Based on works that approach these cycles, this exhibition displays forms of reciprocity that emphasize how the toxic infiltrates the introspection, change and resilience of life until it cannot be detached from it. They are works that point to the complexity that this mutual permeability implies in terms of representation. The toxic as an ontology can only be traced from the traces it leaves, the effects and modifications it causes, the behaviours it uses and the bodies on which it acts. And none of this is stable. Here, the artists have renounced the principle of self in favour of forms of malleability or channelling in which their artistic means are no longer given but are conceded as variables: fields of force where the materials of art become flows of matter and signs that are reassembled and transformed. The resulting works are equivalent to an aesthetic work that is dynamic and dialectical, which revolves around slippage of form, vocabulary, and media.
The poem that opens this text, and with it the exhibition, shows a form of poetry in which Bhanu Kapil resonates materials and words, allowing language to pierce the idea of the body as something complete. His poems expose subjectivity to a contact with the world that makes it adhere to its surfaces and environments. Imbued with past and present contact as much as your lungs re-bend what you have breathed until today, the contamination of the non-self on the self, the possibility of becoming and transforming, give account of an omnipresent toxicity that puts in crisis our idea of subject, and therefore the adequacy to how to represent it.
This difficulty also occurs in the eclecticism of Georgina Hill´s box series. In them, the artist recovers the fascination for a mysterious, irrepressible, and hidden world where the body becomes aware, learns and assimilates through fascination and contact. After what Max Weber left to call, the disenchantment of the world (the longing of Western thought for absolute rationalization that explains the whole of the universe and disenacts it from its agency to function in the service of rationalist advancement), an inner vacuum is produced. As Yayo Herrero says: ‘‘Knowledge broke the knots that tied him to life in a pit and went astray.’’ And it is precisely those knots, the elements that are most attached to life, which Hill uses as a counterweight to a toxic system supported by the forces of progress and growth. A sort of shelter where the body melts in contact with dry leaves, newspaper, false nails, or the warm light of an interior.

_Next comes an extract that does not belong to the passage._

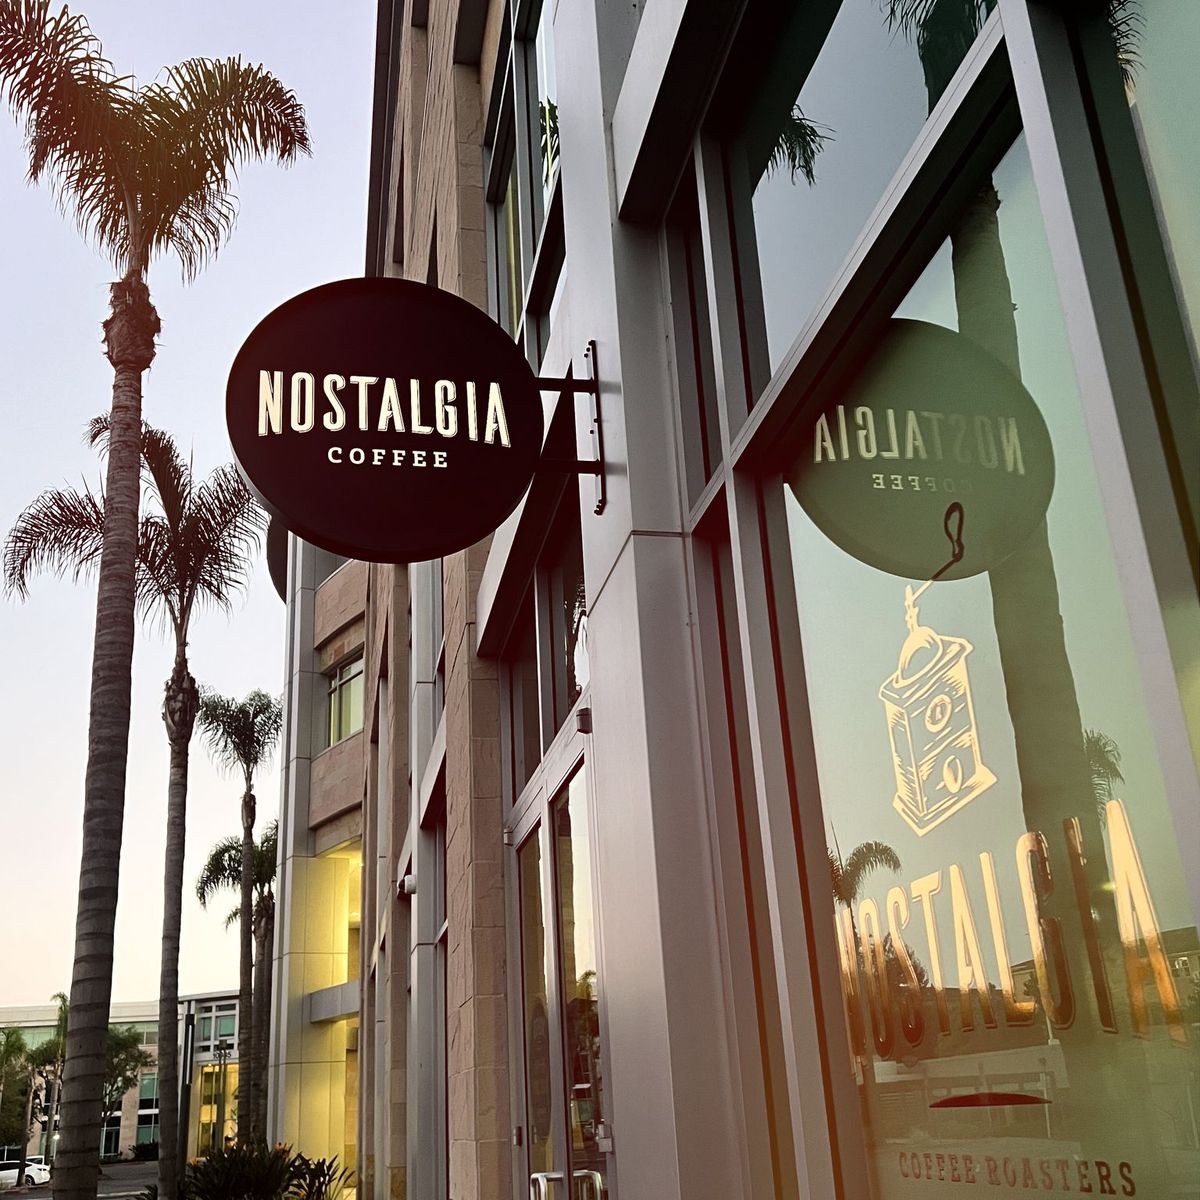 Nostalgia Coffee Roasters Cafe in San Diego, CA

The gaze sneaks into these boxes slowly, letting subjectivity adhere to those internal surfaces. An interiority that becomes abject in the gallery space through a series of sculptures in which Giulia Cenci uses the haptic to return our bodies to the complex cycle of physiological and sensory toxicity to which they belong. It is as if they gave what María Zambrano called poetic reason: the visceral need to overcome an isolated, abstract and instrumental perception: to distribute the logos through the bowels.
Looking closely at these “guts” reveals how Cenci’s work in turn implies a transformation towards something that exceeds the human. Subjectivity approaches the synthetic and empathizes with a perception of the machine as something that must be articulated in complementary terms and not antagonistic to the human. What is toxic when you do not know who or what is the subject experiencing?
This question announces a crumbling, the self-breaks in the diaphragm through the deep notes of kɐ’ʀxɛgʁɐ, a sound installation by Jonás de Murias that makes the air of the gallery denser. In that density, our skin receives and bounces sound. It is, in the words of Bhanu Kapil, host and guest at the same time, makes us experience the permeability of the body. And if, even in this dense air, you believe that the body you call yours belongs to you, as if the distinction between body and mind or between ‘‘I’’ and the world could be maintained, imagine your corporeality suspended in the void.